1,000+ Missing as Residents Question Wildfire Warning System

The death toll from devastating wildfires that swept across Hawaii this week has increased to 55, Maui County officials confirmed late Thursday, as residents asked why the state’s emergency warning system failed to alert them as the flames approached.

The Maui fire is already the second deadliest wildfire in U.S. history and the worst natural disaster to hit Hawaii since a 1960 tsunami that claimed 61 lives. Officials warned the death toll will keep rising.

More than 1,000 people remain unaccounted for, Hawaii Gov. Josh Green said Thursday, and widespread electric and service outages have left all of western Maui in the dark and out of communication.

Asked how many of those missing people are suspected to be dead, Green answered, “Honestly, we don’t know.”

“It doesn’t mean that many have passed,” Green said. “I’m not saying that at all, but because we can’t contact them, we can’t know.”

Flames engulf the historic town of Lahaina.

Flames engulf the historic town of Lahaina.

Erin Hawk via Reuters

Firefighters tackling the blaze that utterly destroyed the historic town of Lahaina on Maui’s west coast had found two more dead by the end of Thursday in addition to the 53 discovered earlier in the day and on Wednesday.

As the conflagration erupted on Tuesday—and accelerated with strong winds from a hurricane passing hundreds of miles off the coast—Hawaii’s residents say they did not hear warning sirens, instead only realizing their lives were in danger when they saw the flames racing toward them or heard explosions nearby.
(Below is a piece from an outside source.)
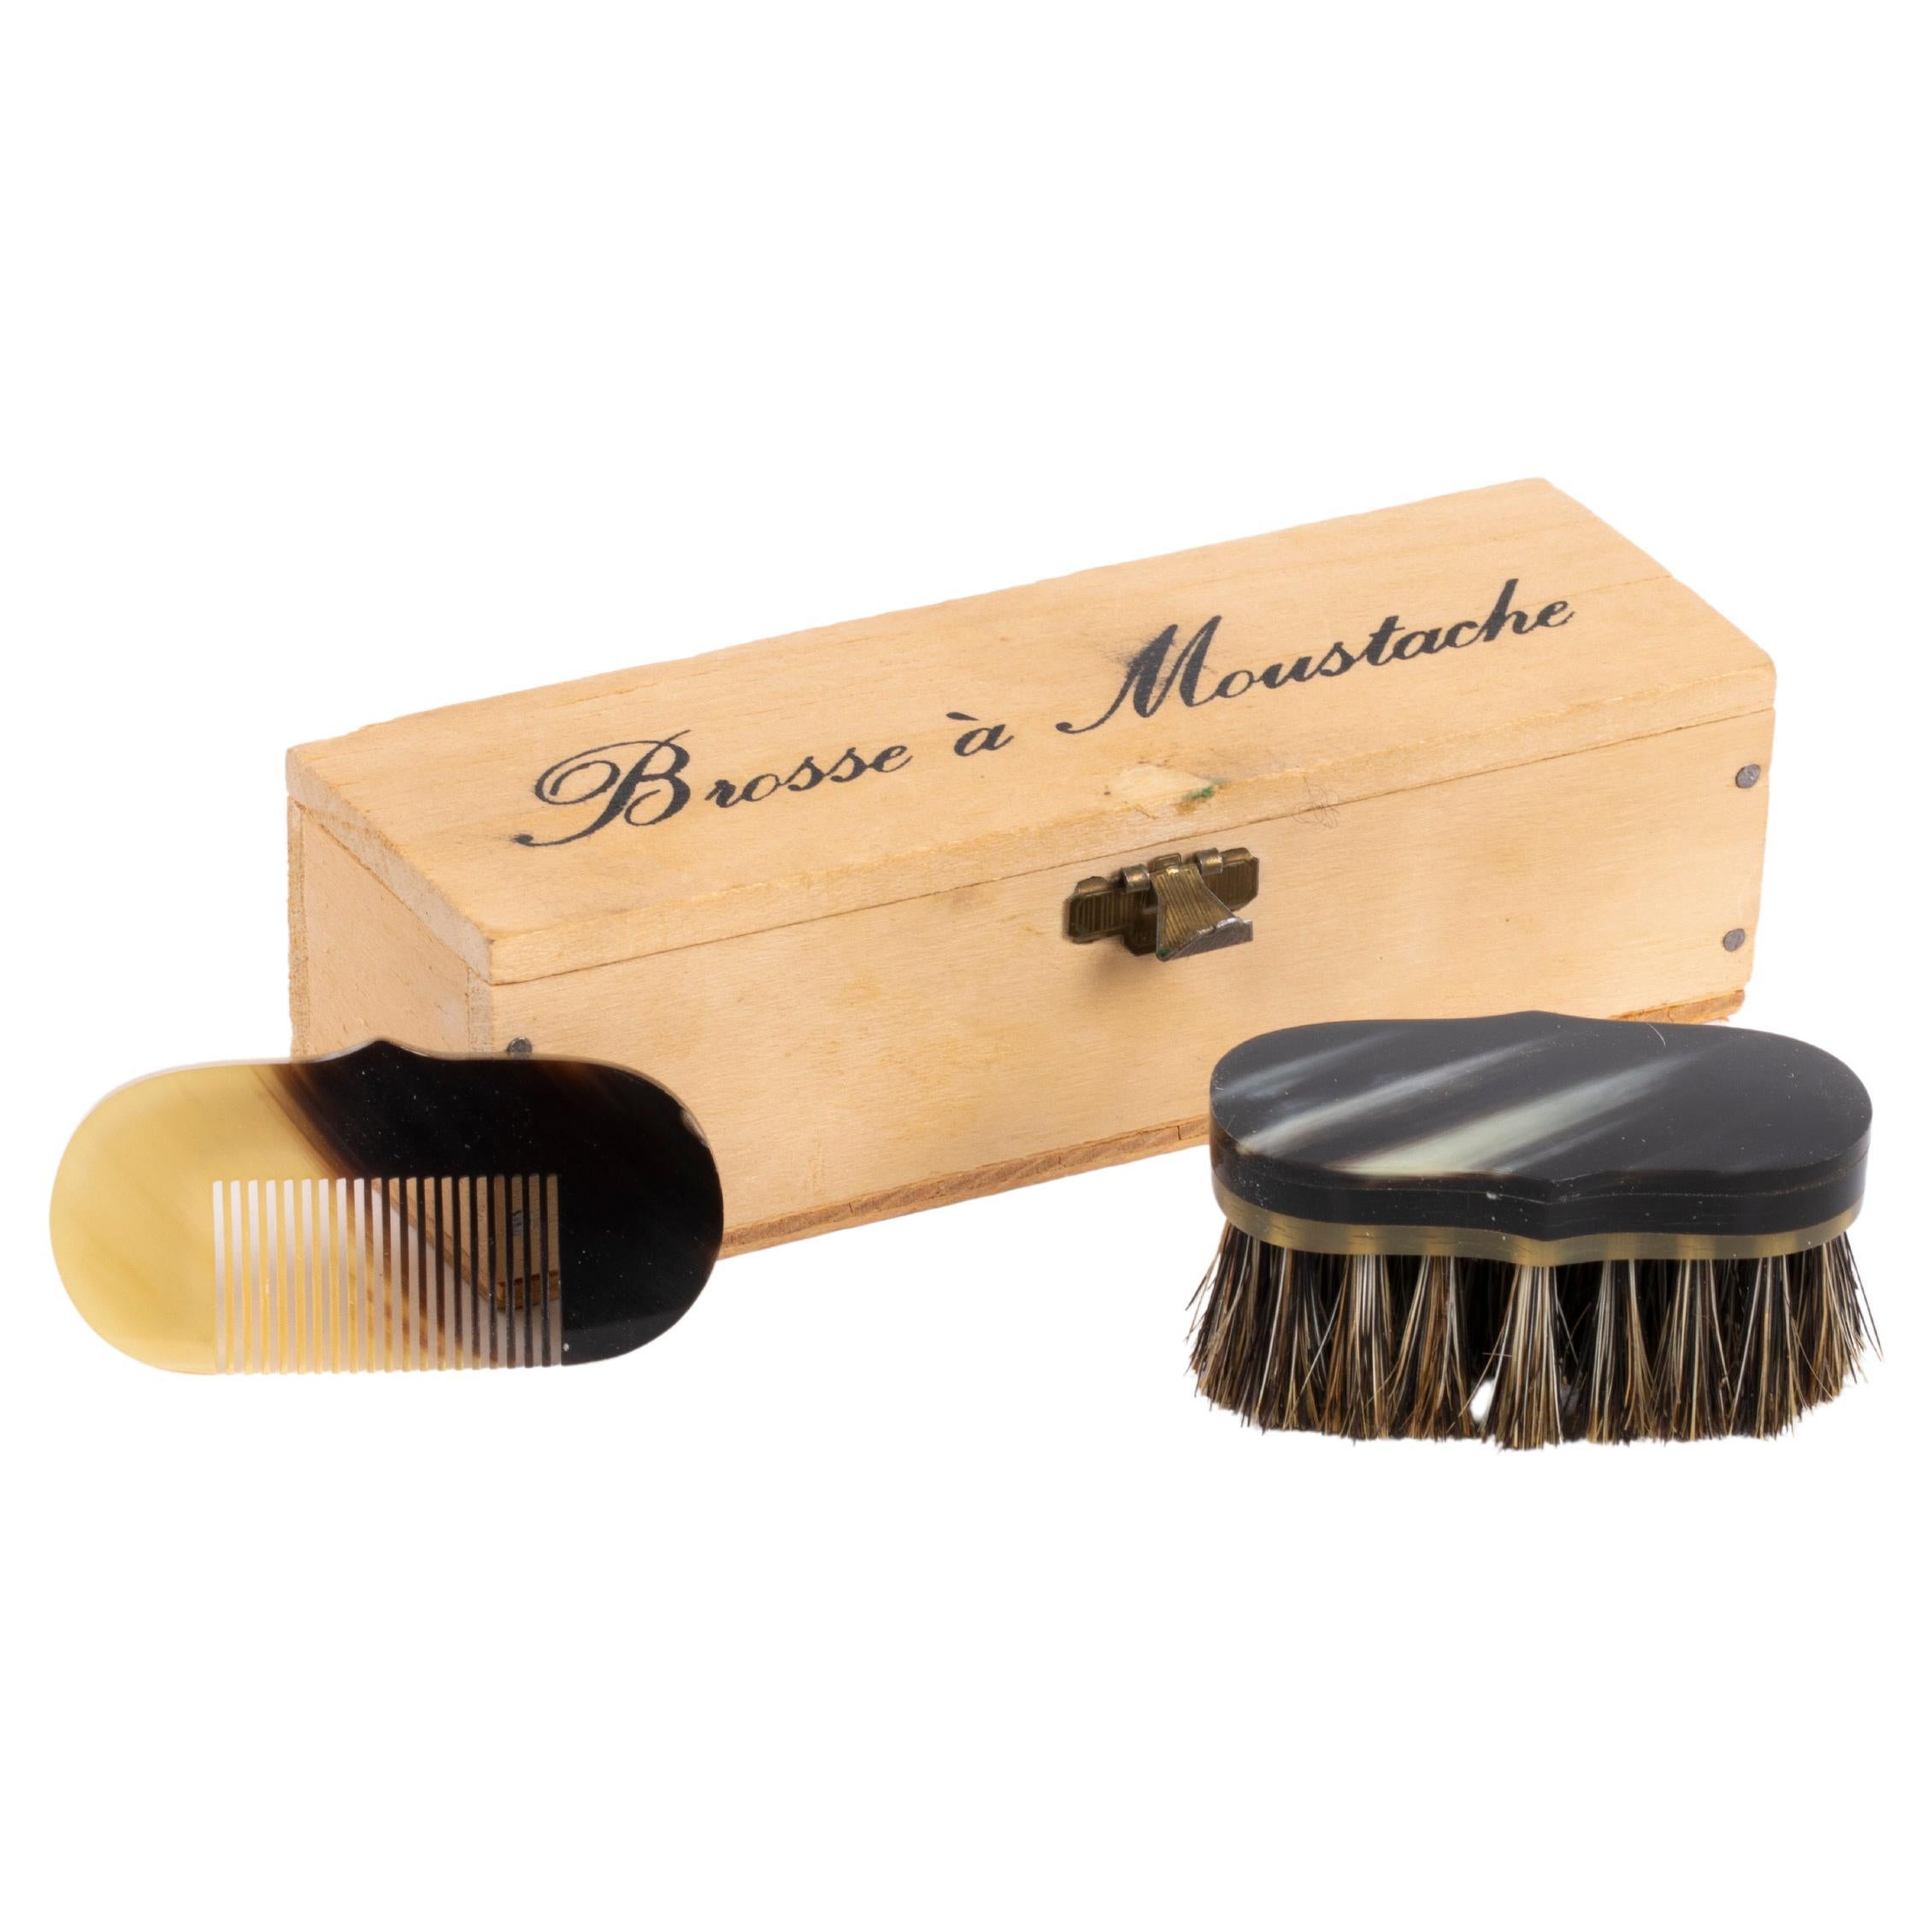 Carl Auböck Comb and Brush in a Box, Austria, 1960s For Sale

Hawaii has what the state calls the world’s largest integrated outdoor all-hazard public warning system, with about 400 sirens linked across the chain of islands. It’s supposed to be used to notify locals of natural disasters and other threats. But Hawaii Emergency Management Agency spokesperson Adam Weintraub told the Associated Press on Thursday that the departmental records do not show that the sirens on Maui were activated. Emergency alerts were instead sent to cellphones and broadcast on TV and radio, Weintraub said.
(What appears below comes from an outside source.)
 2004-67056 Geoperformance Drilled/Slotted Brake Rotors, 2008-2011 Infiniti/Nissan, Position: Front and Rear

Views from the air of the community of Lahaina.

Views from the air of the community of Lahaina.

MARCO GARCIA/Reuters

It’s not clear, however, if those warnings were issued before power and cellular outages severed most communications in Lahaina, a town of about 13,000 residents that was totally wiped out in the inferno. “It’s all gone,” Maui County Mayor Richard Bissen said. “None of it’s there. It’s all burnt to the ground.”

Green said the “utter devastation of Lahaina” was “catastrophic” and that it would likely take “many years” to rebuild. “When you see the full… The full extent of the destruction of Lahaina, it will shock you. It does appear like a bomb and fire went off,” Green added.
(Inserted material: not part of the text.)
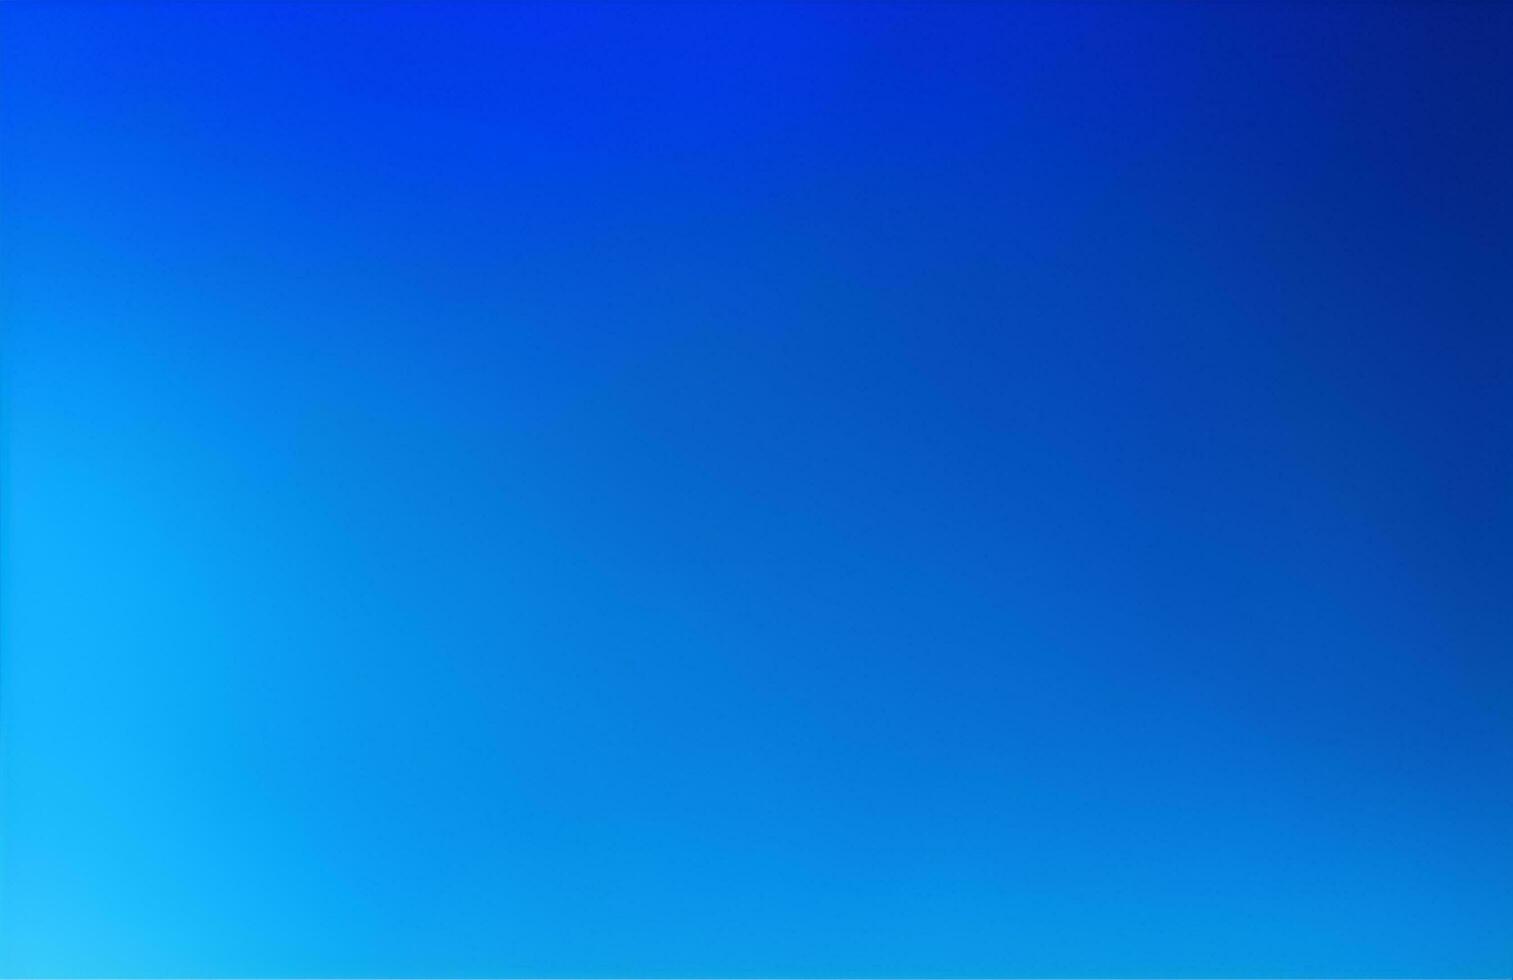 Blue and gradient color background image photo

As well as the lack of warning, firefighting efforts may have been hindered by a lack of staff, according to Hawaii Firefighters Association President Bobby Lee. A maximum of 65 firefighters work at any time to deal with fire across three islands, and while the crews have 13 fire engines and two ladder trucks, the department doesn’t have any off-road vehicles, Lee said. In turn, that means the crews can’t intervene in brush fires until they approach populated areas or roads. “You’re basically dealing with trying to fight a blowtorch,” Lee said. “You’ve got to be careful—you don’t want to get caught downwind from that, because you’re going to get run over in a wind-driven fire of that magnitude.”

A view of the charred remains in Lahaina.

A view of the charred remains of Lahaina.

Erin Hawk/Reuters

Destruction in Maui’s west is so severe, a local nonprofit says it can’t access the area to search for those who became trapped in the fast-moving flames. Lauren Henrie, a spokesperson for Maui Rescue Mission, told CNN that western Maui is “completely cut off from communication and power.”

Henrie said her team is desperate to get into cities—like Lahaina—and begin searching for the 1,000-plus people that have been listed as unaccounted for in local Facebook groups.

While the area is cut off by land, Henrie said supplies have been delivered to some of those stranded on the island’s west by boat, but those efforts alone won’t be enough.

“We are looking at years, years of recovery right now,” she said.

Earlier on Thursday, President Joe Biden declared a “major disaster” in Hawaii and expanded federal aid to the state’s recovery efforts, the White House said in a statement. “We’re working as quickly as possible to fight those fires and evacuate residents and tourists,” Biden said during a speech in Utah. “In the meantime, our prayers are with the people of Hawaii, but not just our prayers: every asset that we have will be available to them.”